*** Opening of SUPPLIED RECORDS ***
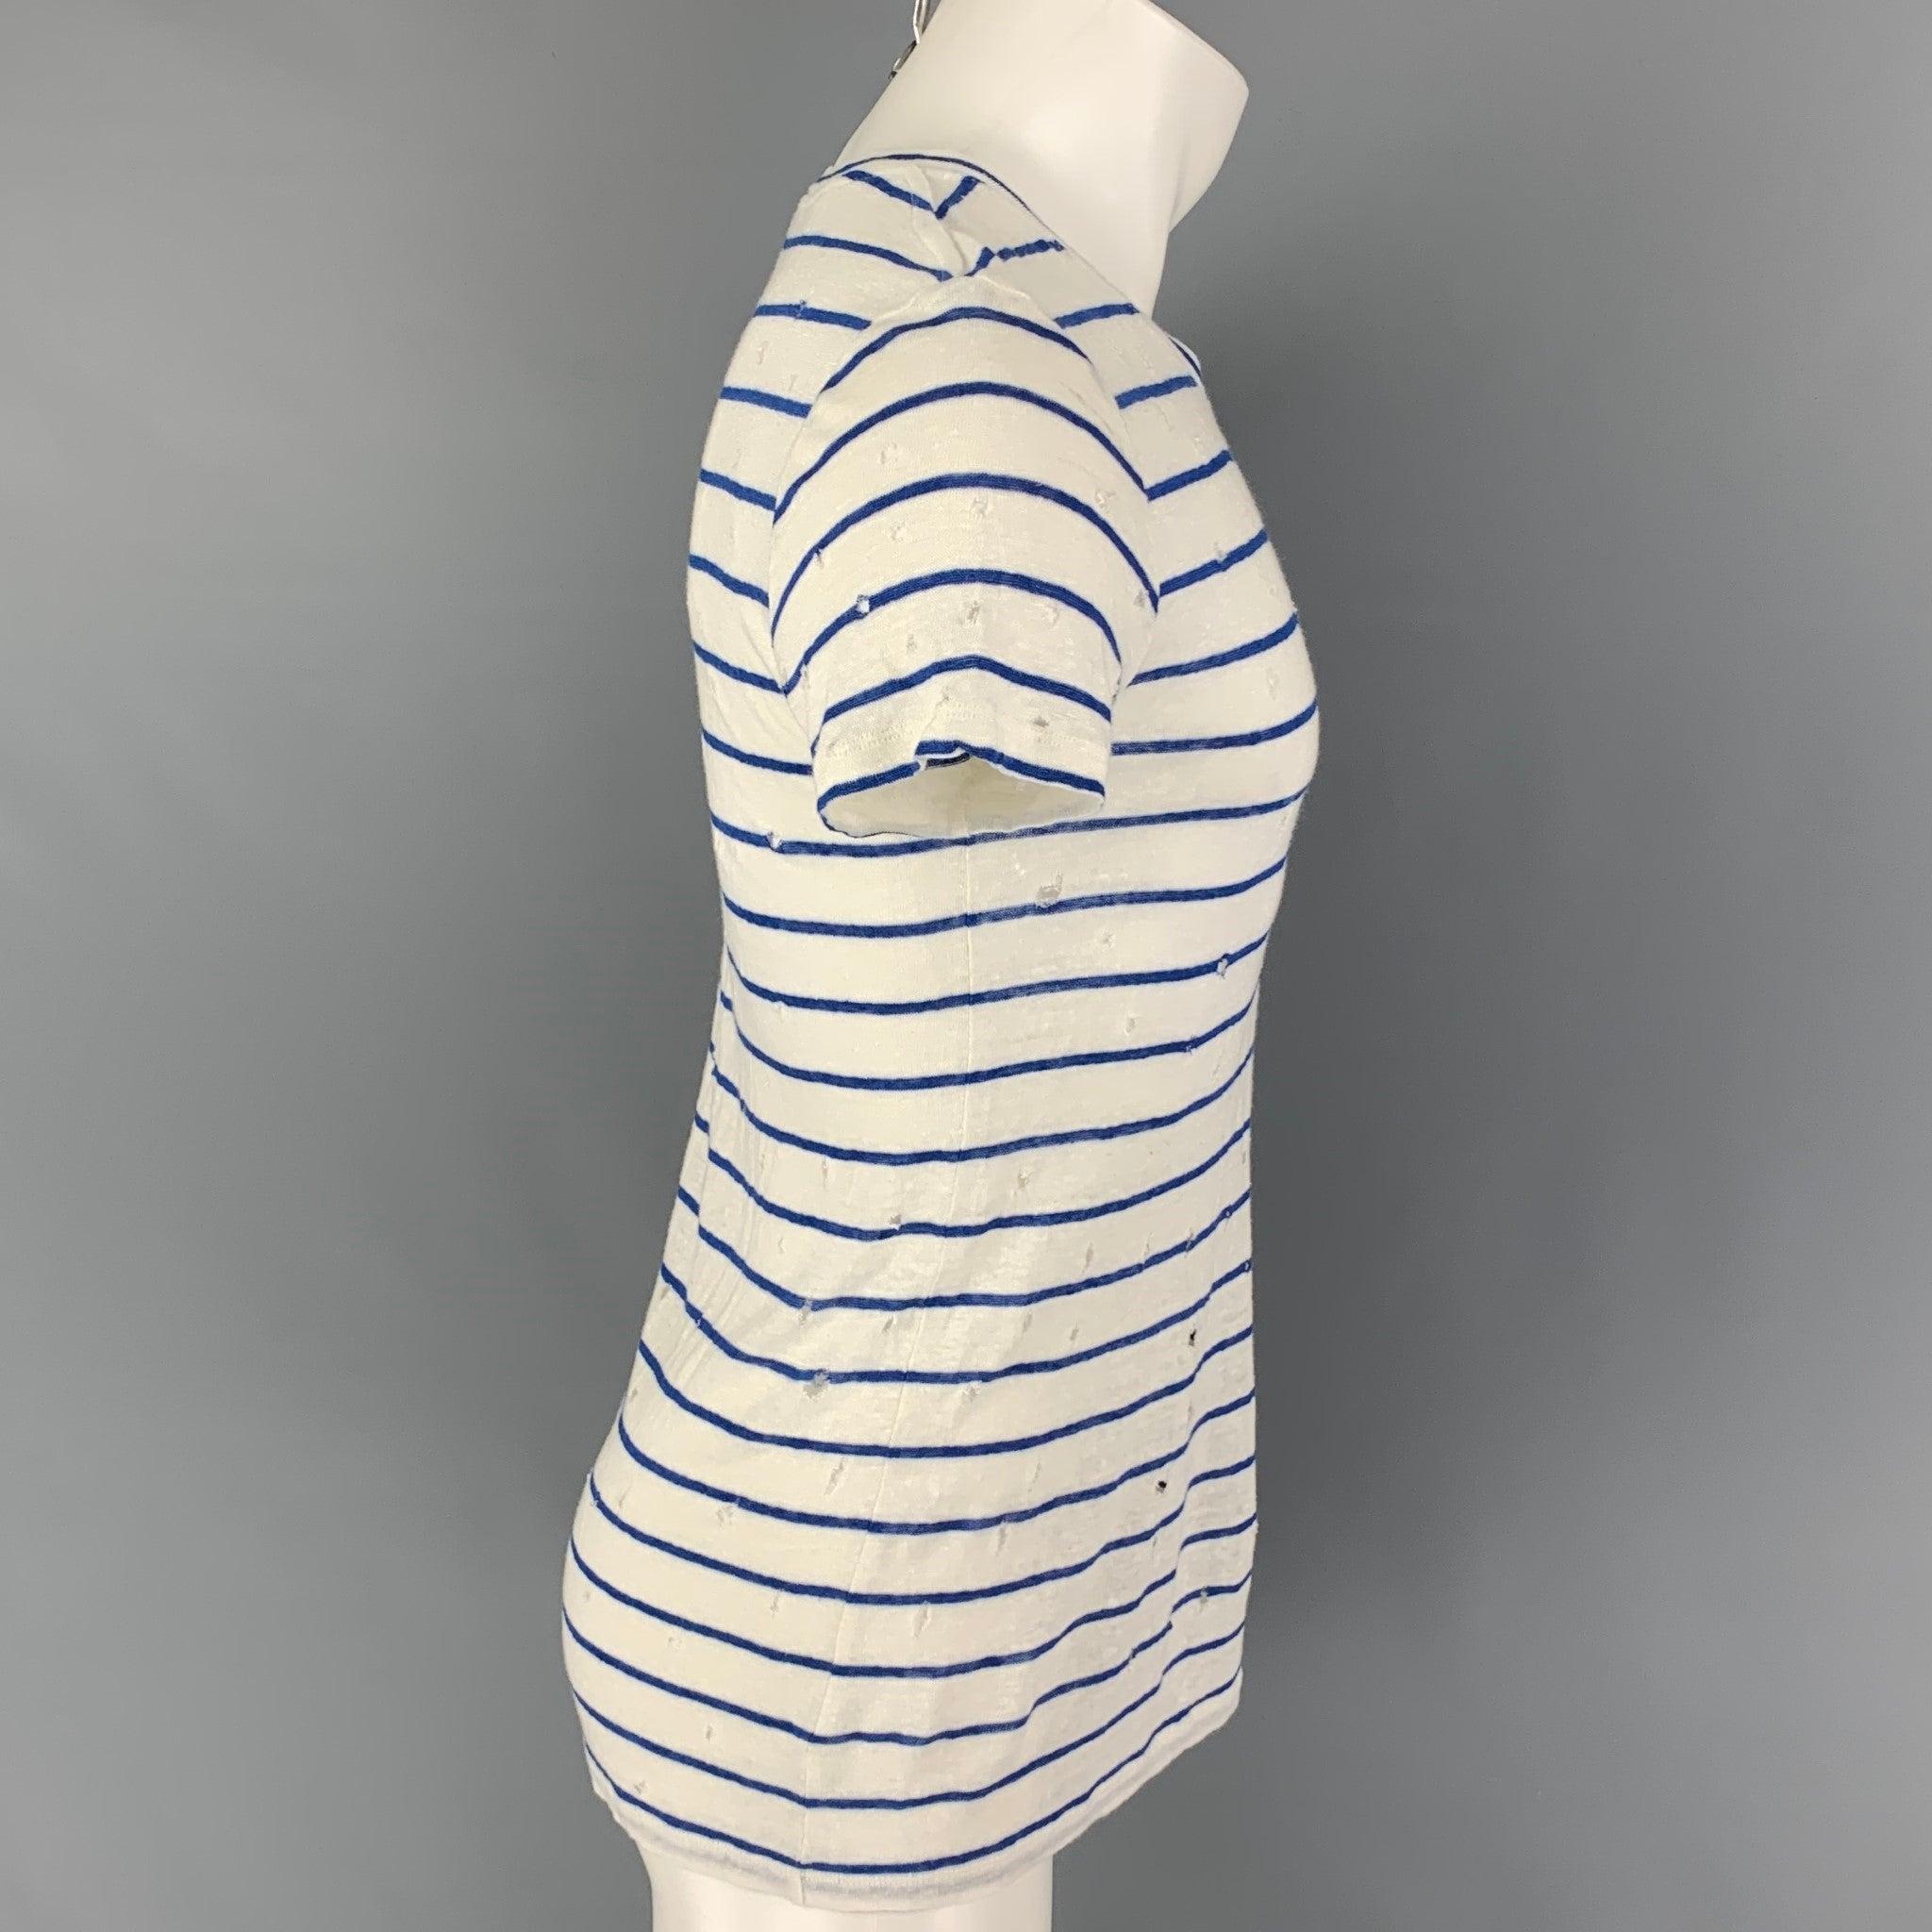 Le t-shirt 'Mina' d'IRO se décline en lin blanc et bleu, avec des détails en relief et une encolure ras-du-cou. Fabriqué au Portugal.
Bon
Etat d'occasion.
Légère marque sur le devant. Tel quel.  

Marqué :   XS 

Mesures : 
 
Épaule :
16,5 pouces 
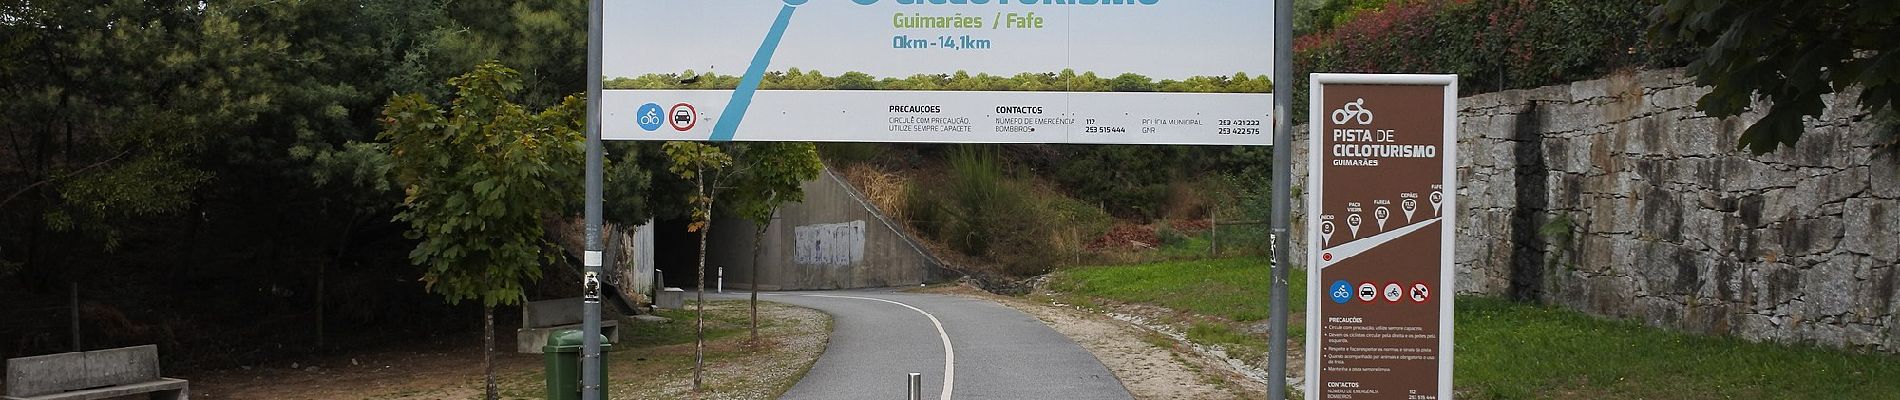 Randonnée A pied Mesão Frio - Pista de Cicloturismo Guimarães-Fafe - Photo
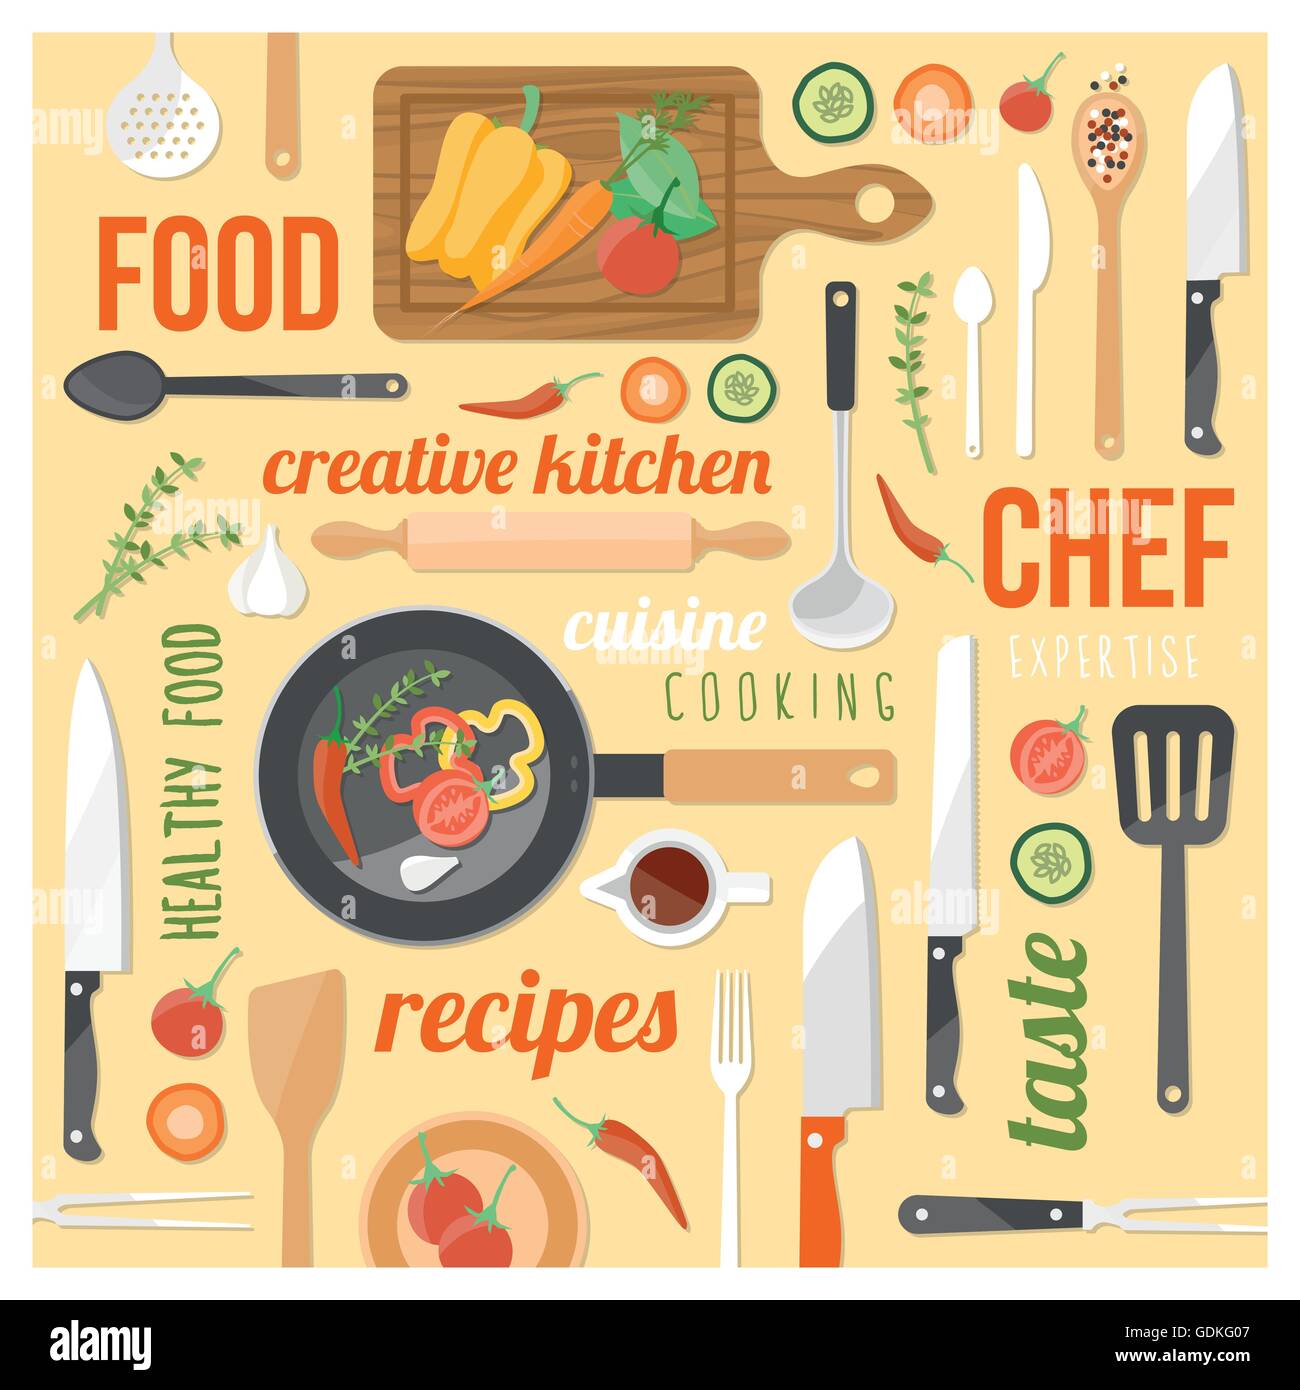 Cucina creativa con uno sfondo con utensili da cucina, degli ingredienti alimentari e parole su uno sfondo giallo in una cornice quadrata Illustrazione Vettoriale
*** Close of SUPPLIED RECORDS ***
Copy only this, please: the line with "Randonnée A pied" and every line after it through the end of the data, with no pictures.

 Randonnée A pied Mesão Frio - Pista de Cicloturismo Guimarães-Fafe - Photo
 Cucina creativa con uno sfondo con utensili da cucina, degli ingredienti alimentari e parole su uno sfondo giallo in una cornice quadrata Illustrazione Vettoriale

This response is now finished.